The comparison output includes a recommendation block with the best stack and ranked page/doc/object/no-result metrics.
If you install `mare-retrieval[colpali]`, you can also compare `--stack colpali-visual` on corpora with rendered PDF page images.
If the corpus has no rendered page images, MARE will explain that the visual retriever needs PDF page images and suggest a text retriever instead.

## What You Get

MARE can return:

- best matching page, section, procedure, table-like object, or figure-like object
- exact snippet
- file, page, line, heading, or section-aware citation when available
- rendered PDF page image when available
- highlighted PDF proof image when localization is possible
- retrieval rationale and score
- optional visual page retrieval for image-, chart-, table-, and layout-heavy PDFs through `mare-retrieval[colpali]`
- Evidence Brief with source coverage, support strength, conflict hints, proof assets, gaps, and next questions
- evidence rescue in `mare workflow` and `mare chat`: when initial support is weak or missing, MARE tries alternate evidence-seeking queries and records whether stronger proof was found
- structured payloads for agents, tools, and applications

## Supported Documents

Current local document-first workflows support:

- `pdf`
- `md` / `markdown`
- `txt`
- first-pass `docx`

PDFs currently have the strongest visual proof because MARE can render pages and highlight evidence.

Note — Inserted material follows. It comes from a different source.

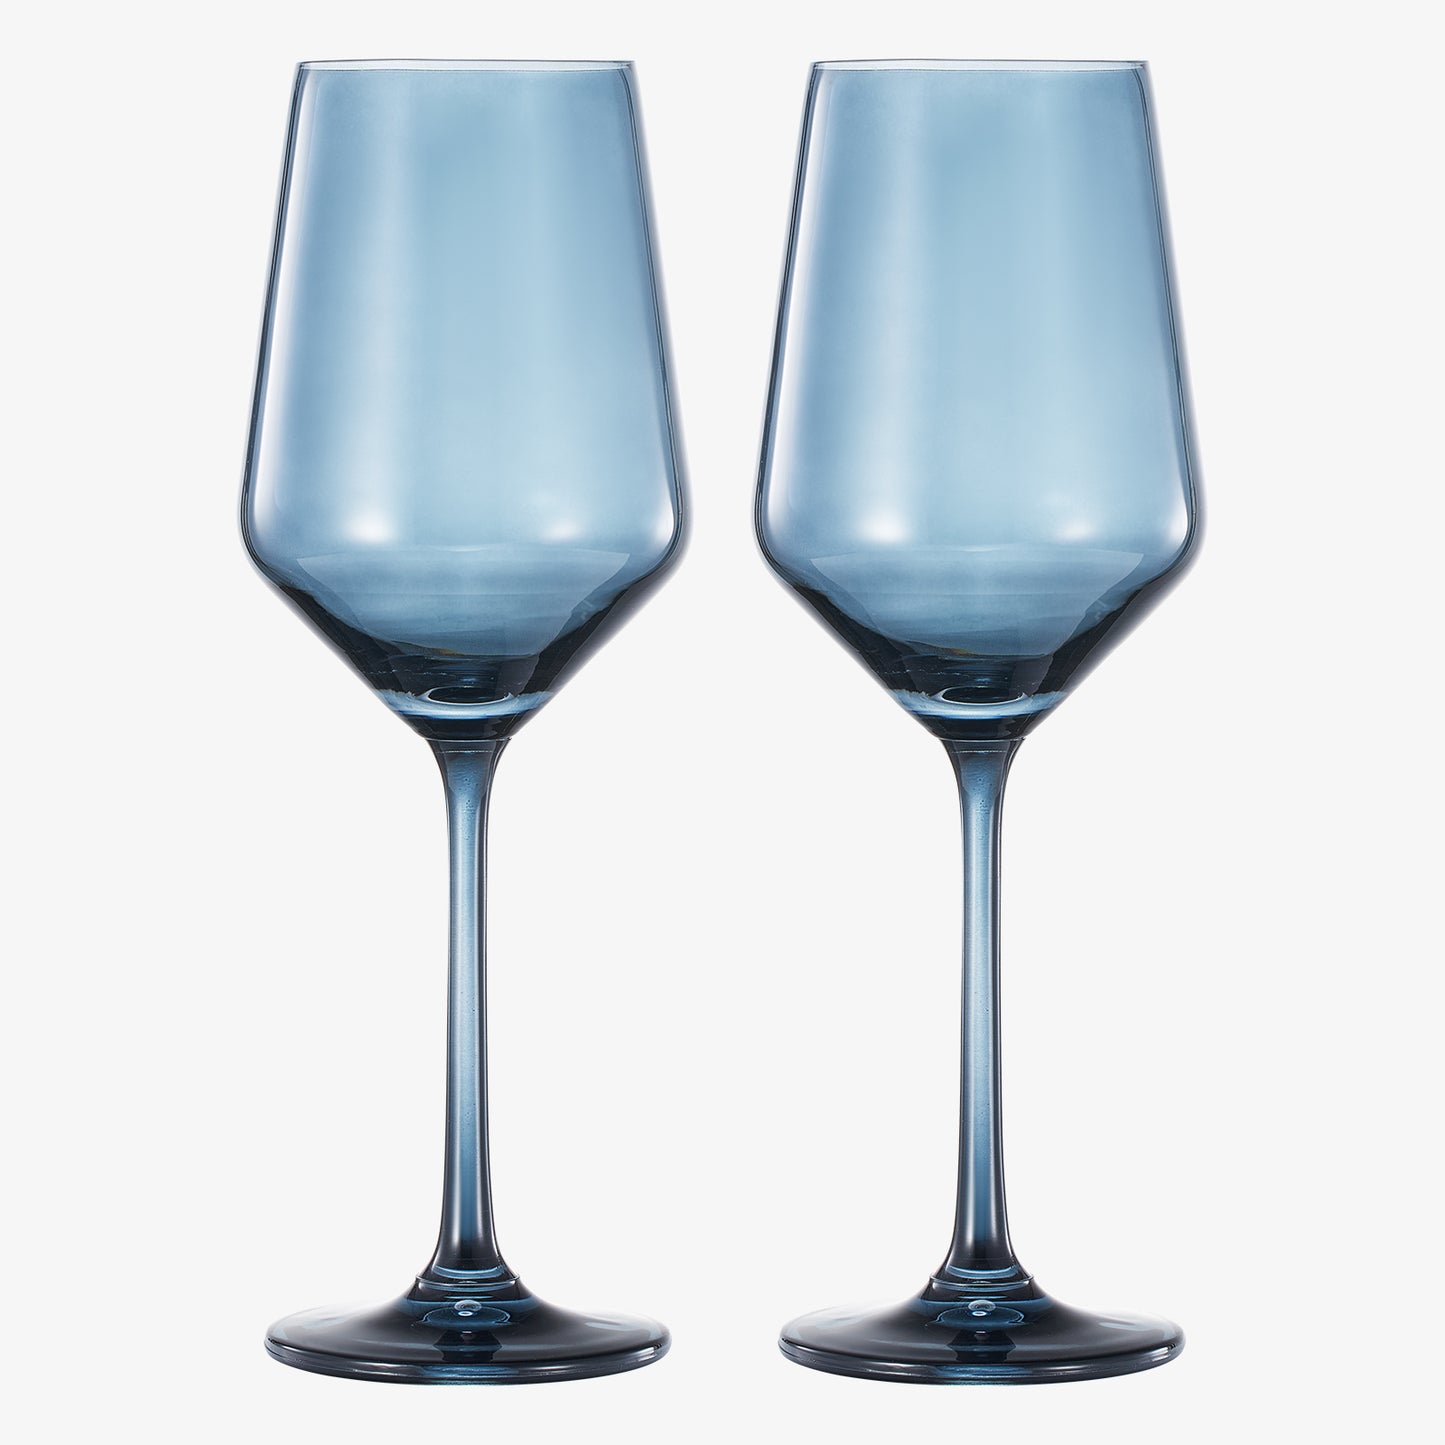 Tonal Colored Wine Glassware, Cloudy Blue, Set of 2

Markdown, text, and DOCX usually rely on snippet and citation proof first.

## Product Surfaces

| Interface | Best for | What you get |
| --- | --- | --- |
| `mare start` | guided onboarding | path-aware next commands |
| `mare ask` | fastest single-document test | best page, snippet, citation, image paths |
| `mare workflow` | terminal evaluation and agent-style output | corpus summary, object search, Evidence Brief, JSON payloads |
| `mare chat` | simple local document-agent loop | `:brief`, `:review`, `:compare`, `:summary`, findings, session history |
| `mare ui` | visual exploration | uploads, Evidence Briefs, summaries, findings, highlights |
| `mare mcp` | agent/app integrations | MCP tools returning structured evidence payloads |

## Agent Integrations

MARE is useful for OpenClaw, Hermes Agent, and other tool-using agents because it gives them a grounded document-evidence tool instead of asking the model to guess from raw files.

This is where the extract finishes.